A Letter from the General Minister to Pittsburgh Presbytery
Staying in Balance: Word & World
May 7, 2015
Karl Barth, the great Swiss Reformed theologian, reported to a Time magazine interviewer in 1963 that he had long taught seminarians that faithful pastors always read their Bible and their newspaper together, being sure always to interpret the newspaper through the lens of the Bible. The ideal of keeping “the newspaper in one hand and the Bible in the other” resonates deeply with Presbyterians. We want neither to be so heavenly minded that we are no earthly good, nor so enmeshed in the world that we forget that Jesus died to redeem it rather than simply to endorse it.

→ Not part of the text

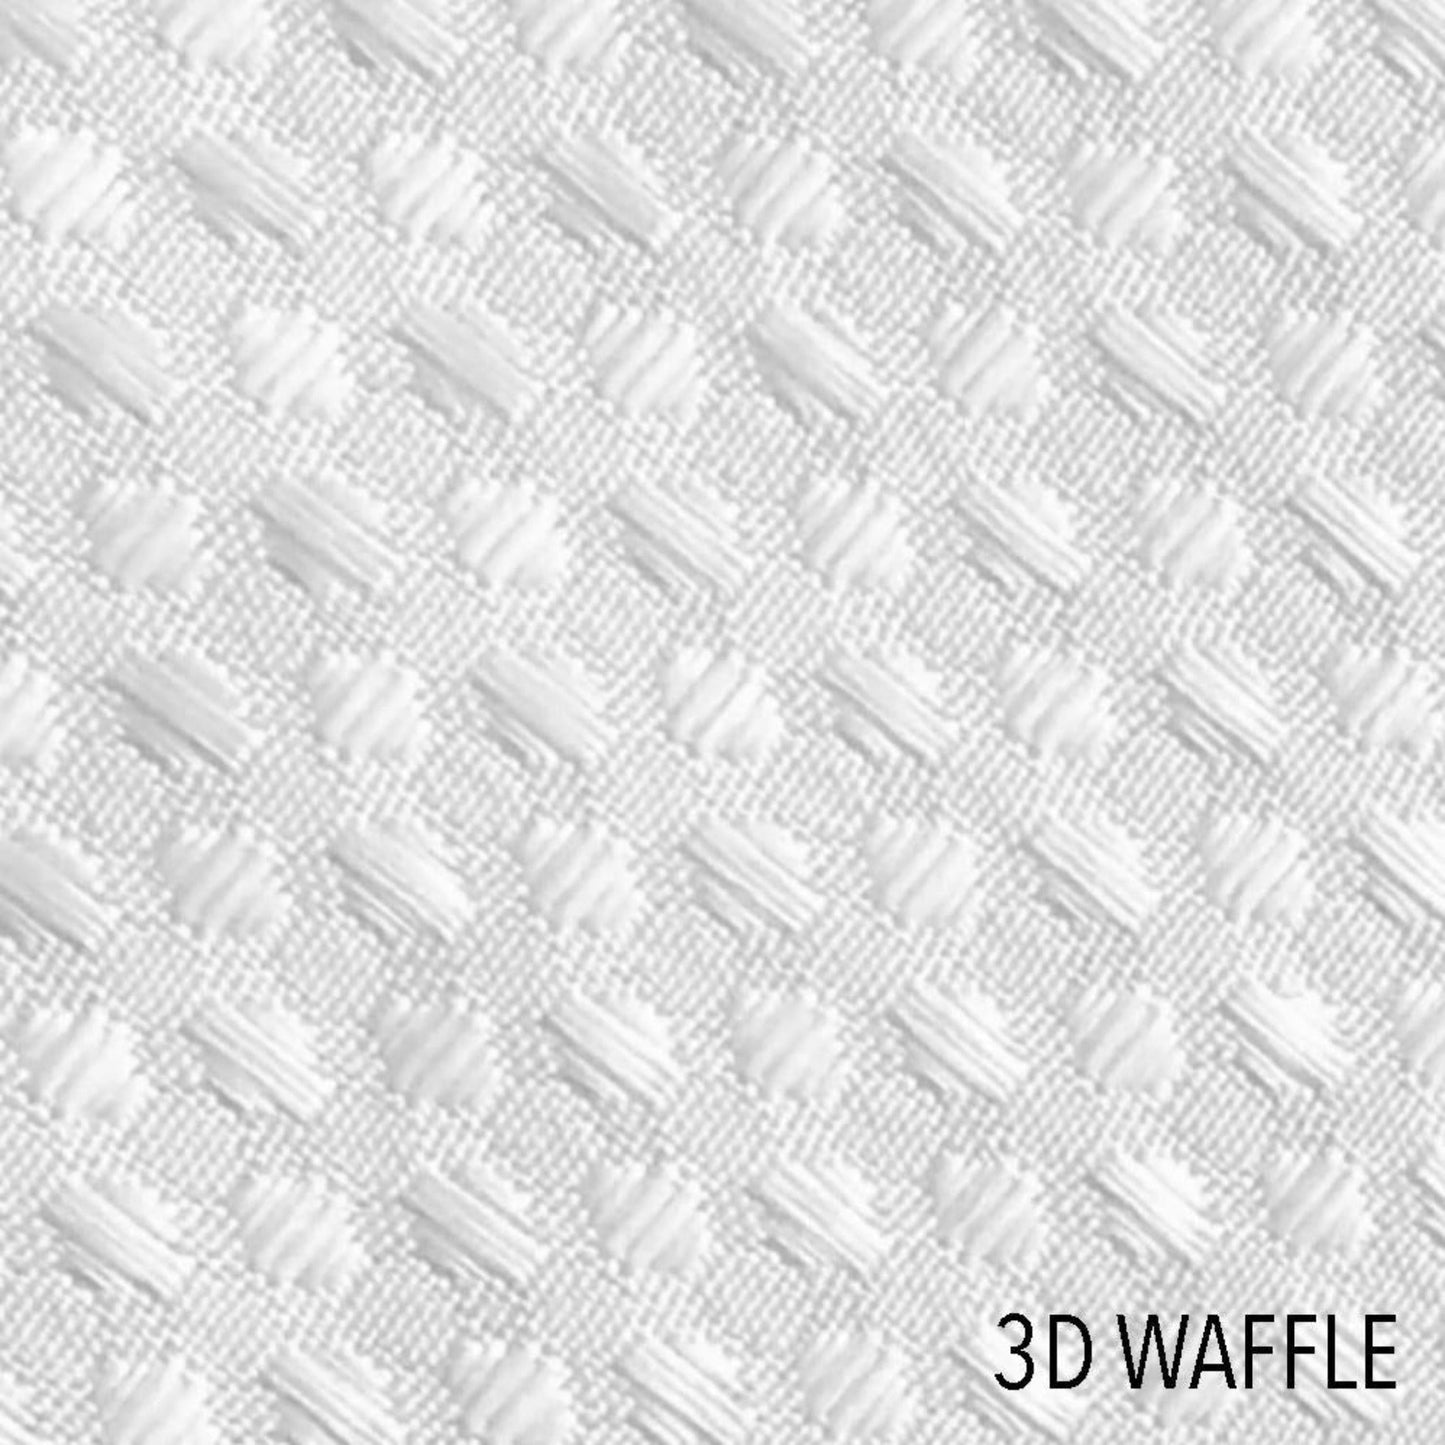 "Stylish and Comfortable Waffle Weave Decorative Top Sheet for a Cozy Night's Sleep"

I have heard some devoted Christians accuse other Christians of letting the world entirely set their agenda. Meanwhile I’ve heard others speak dismissively of Christians who they deem to be out of step with and therefore irrelevant to the surrounding world. After having traveled much in churches across wide theological, political, and social spectrums, I have come to believe that both critiques largely miss what’s really going on with folk whose perspectives differ from their own. Most Presbyterians do seek diligently to be engaged with both the Word of Scripture and the world around them.

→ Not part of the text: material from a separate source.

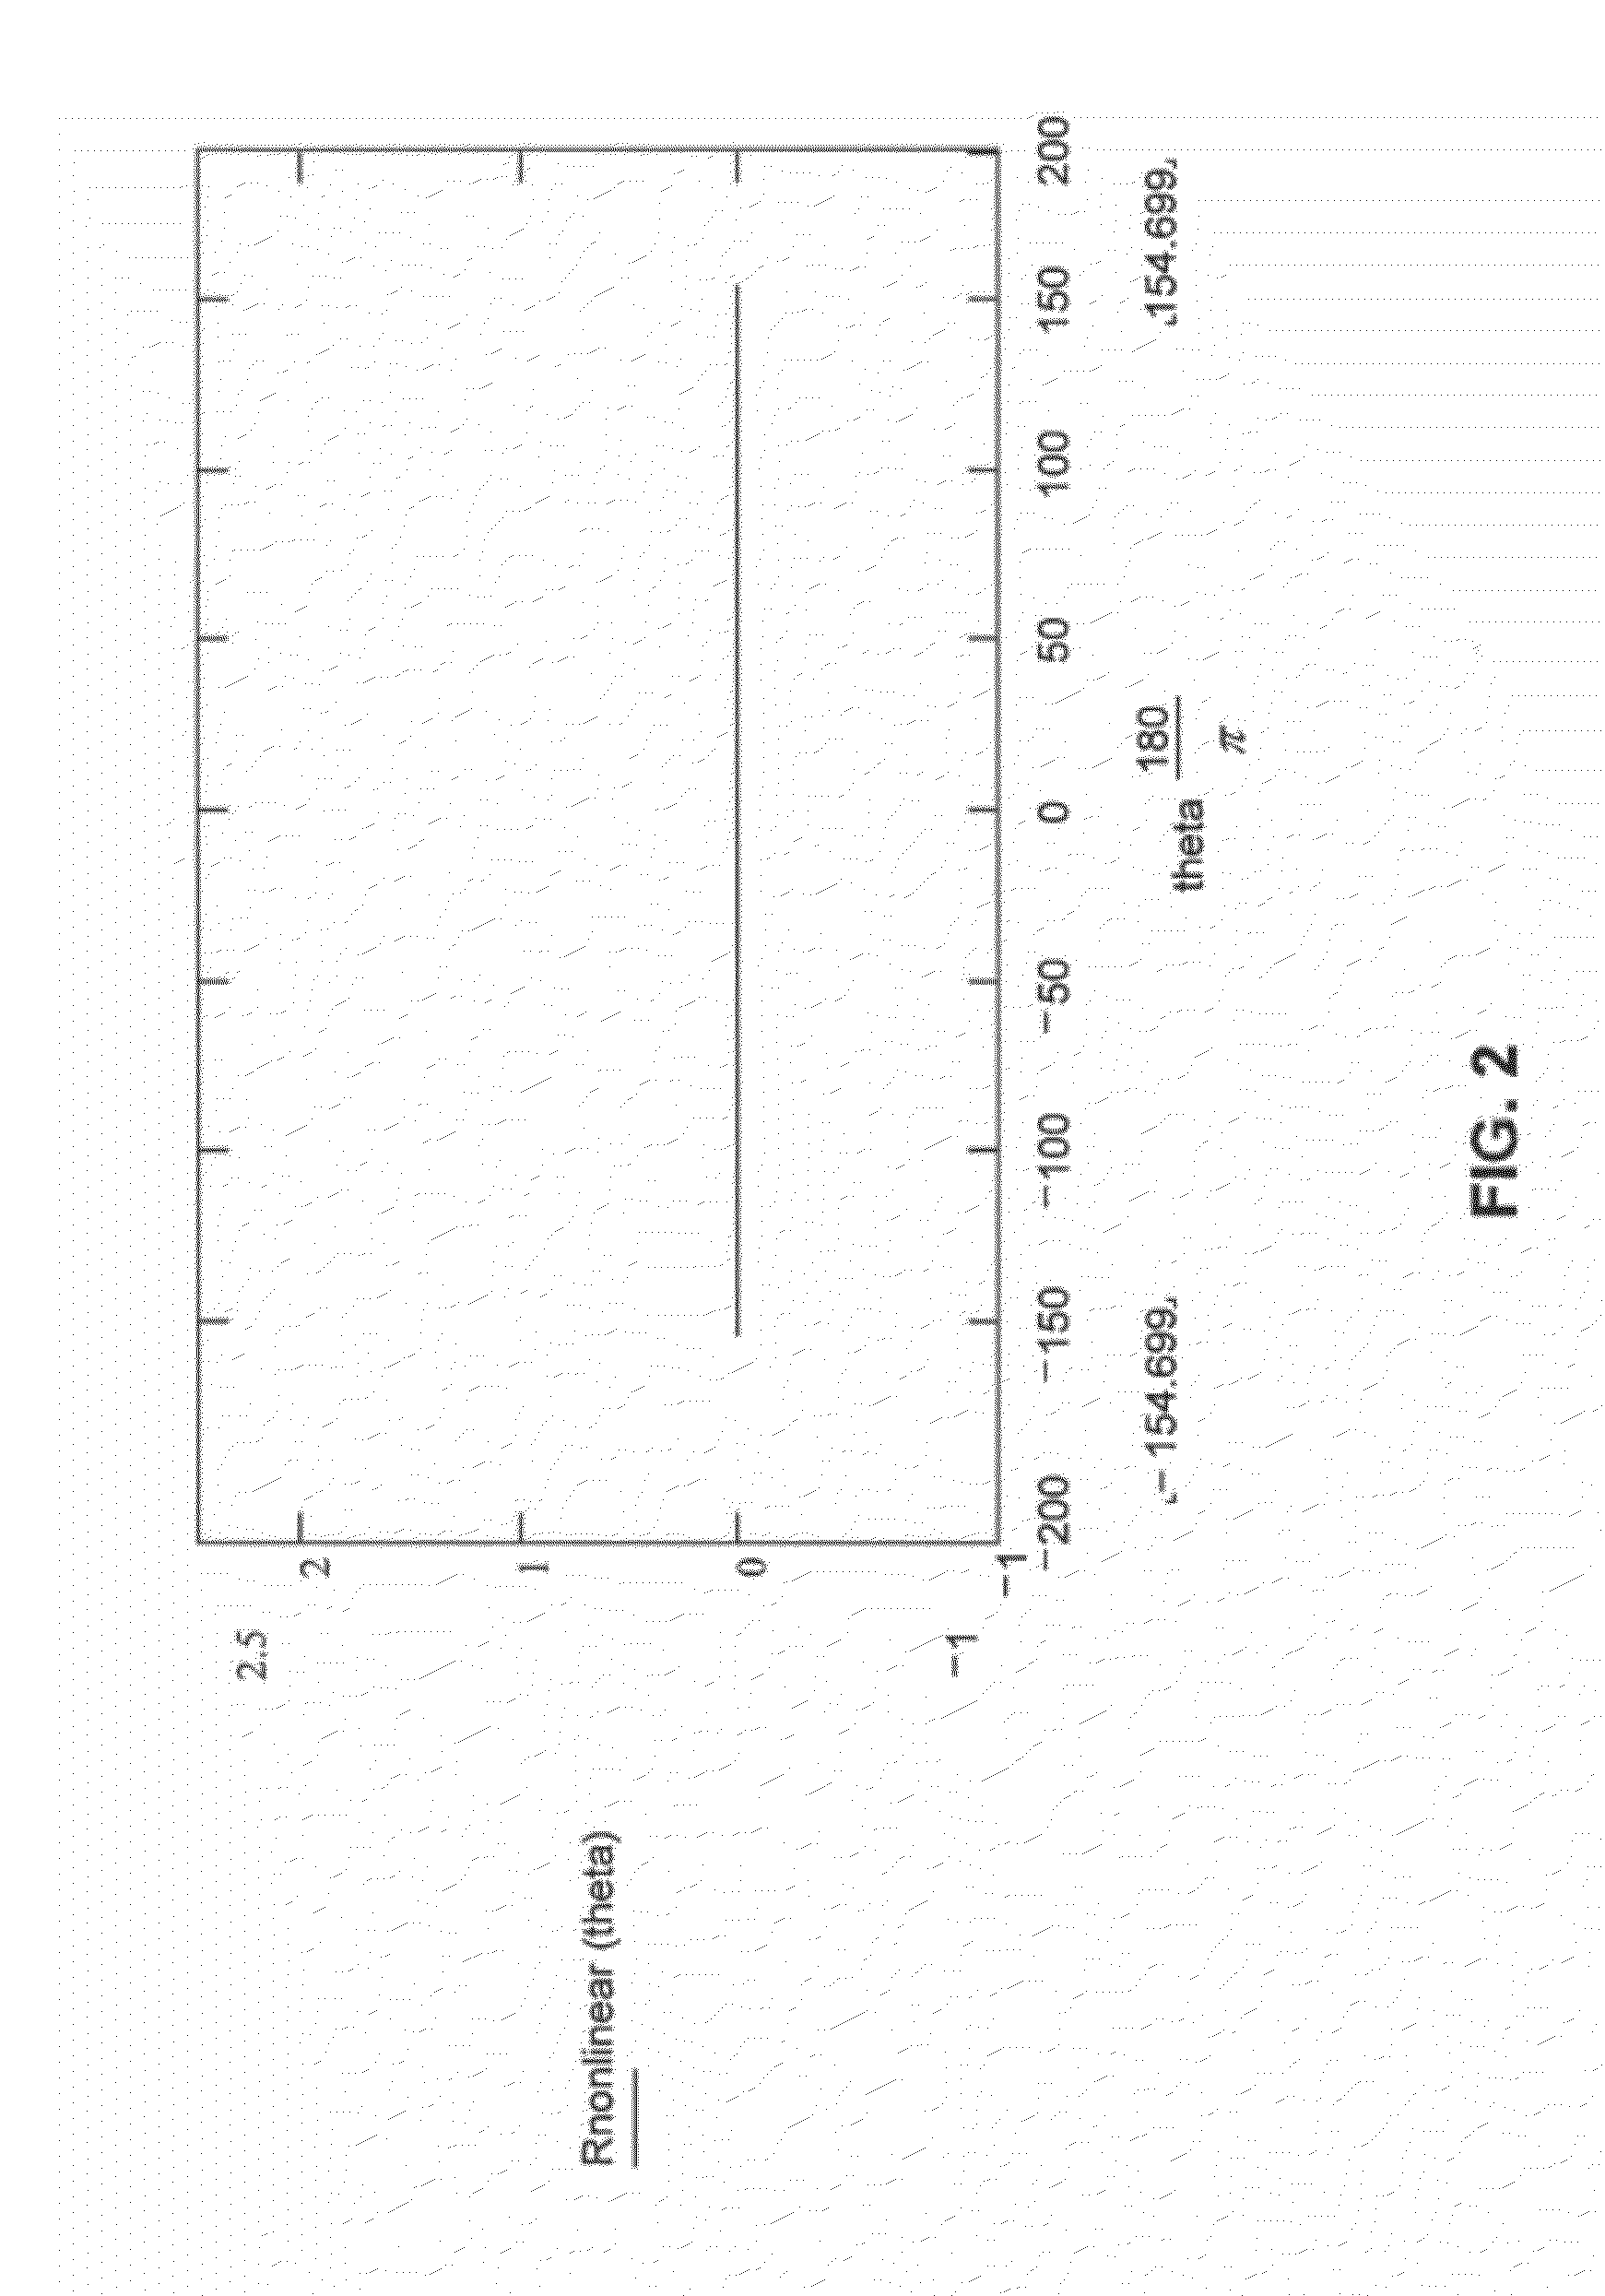 Systems and Methods of RF Power Transmission, Modulation, and Amplification, Including Varying Weights of Control Signals

John Calvin was under no illusion about how deeply our sin necessitates that we have a Savior. Some of his heirs believed they captured his thought well by saying that human beings are bound in “total depravity” – that the world is entirely crooked, broken, and lost. But we need to be cautious here, as Calvin made clear that the image of God is not destroyed by our sin, but defaced and distorted. Even when our sin is at its most grievous, we still bear the divine image, no matter how clouded it may be.
In referring to the created world as the “theater of God’s glory,” (e.g. Institutes of the Christian Religion I.14.20), Calvin did not exclude human beings. The whole of creation still declares the glory of God through its wondrous order and beauty. God’s world is not essentially evil, but essentially good, even when its goodness is twisted, compromised, or obscured by our sin. Its beauty and goodness are still abundantly apparent wherever we cast our eye – in science and nature, in art and culture, and so much more.

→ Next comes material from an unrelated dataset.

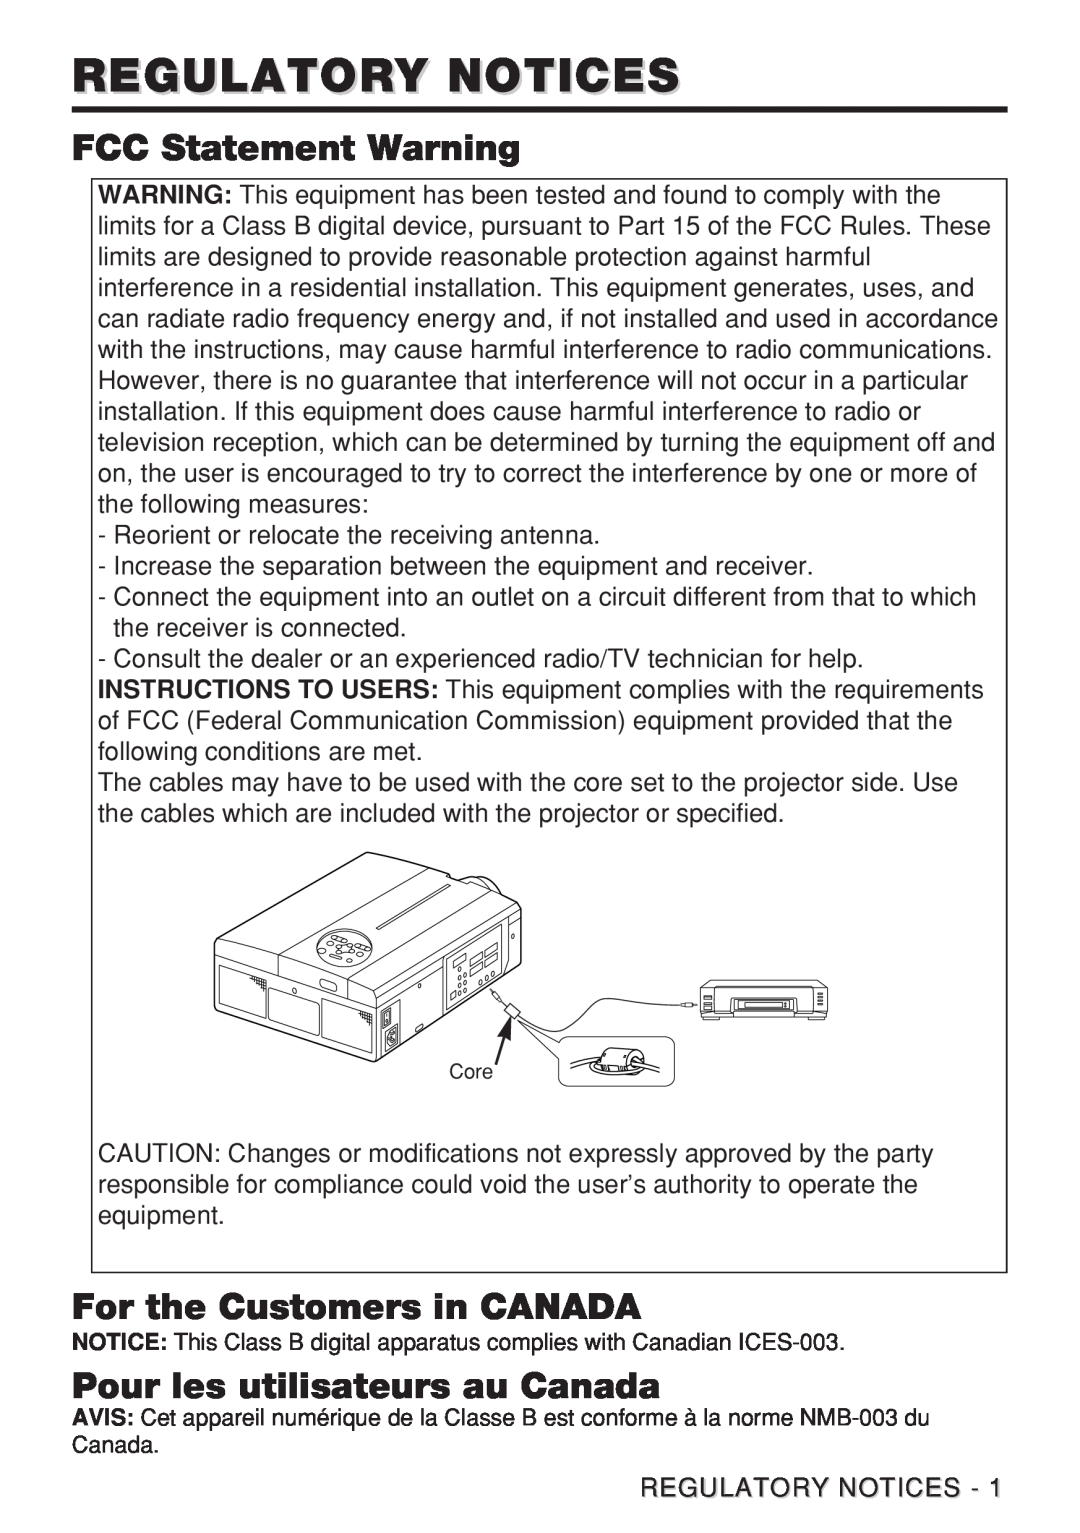 Hitachi CP-X980W Regulatory Notices, FCC Statement Warning, For the Customers in CANADA, Pour les utilisateurs au Canada

The purpose of the divine Word – that is, of God engaging and inhabiting the world – is not to nullify, but to bless and redeem the world. “God did not send the Son into the world to condemn the world, but that the world might be saved through him.” (John 3:17)
God’s self is revealed just as surely in the created world as in the redemptive word spoken to us through the prophets, and embodied and imparted to us in Jesus of Nazareth. This conviction amongst Calvin and his colleagues is evident in their establishing what many consider to be the first modern European university in Geneva, as well as the most rigorous theological training program anywhere for pastors, elders, and church members.
Any theology, any worship, any outreach program that casts the world primarily as an enemy to be opposed is misguided. Conversely, any attempt to accomplish the church’s work that is not thoroughly anchored in the Word of God witnessed in Scripture and consummately revealed in Jesus is insufficient.
Alas, even though the best of our heritage leads us otherwise, Presbyterians have sometimes fallen to one side or the other of this delicate balance of Word and world. We have even arrayed against each other in theological, social, or political tug-of-war, when in truth both perspectives are critical for aligning with the God’s purpose in creating and redeeming the world.
We who preach and teach in the church need intentionally and continually to demonstrate how the word of Scripture always helps us see more clearly and engage more fully the world around us. For Presbyterians, the world’s issues and questions are inevitably our own issues and questions, which we engage by reading our world through the lens of God’s Word.
When the world of our experience changes, we are called neither to reject such changes out of hand nor to abandon our foundation in God’s Word. Rather, such changes in our world call us to engage God’s Word anew, just as the early Christian community heard their Scriptures in new ways after having encountered a new world of God’s saving work through life, death, and resurrection of Jesus. Scripture remained constant for them, but they came to understand it differently with regard to the place of Gentiles, observance of the Sabbath, ceremonial and dietary laws, and so much more.
As we listen for the voice of the Spirit in the Word, our Reformed tradition insists that we do so in the context of acknowledging that this same Spirit is also at work in the world around us. How are we doing with staying diligently attentive both to the Word of God in Scripture and to the world around us?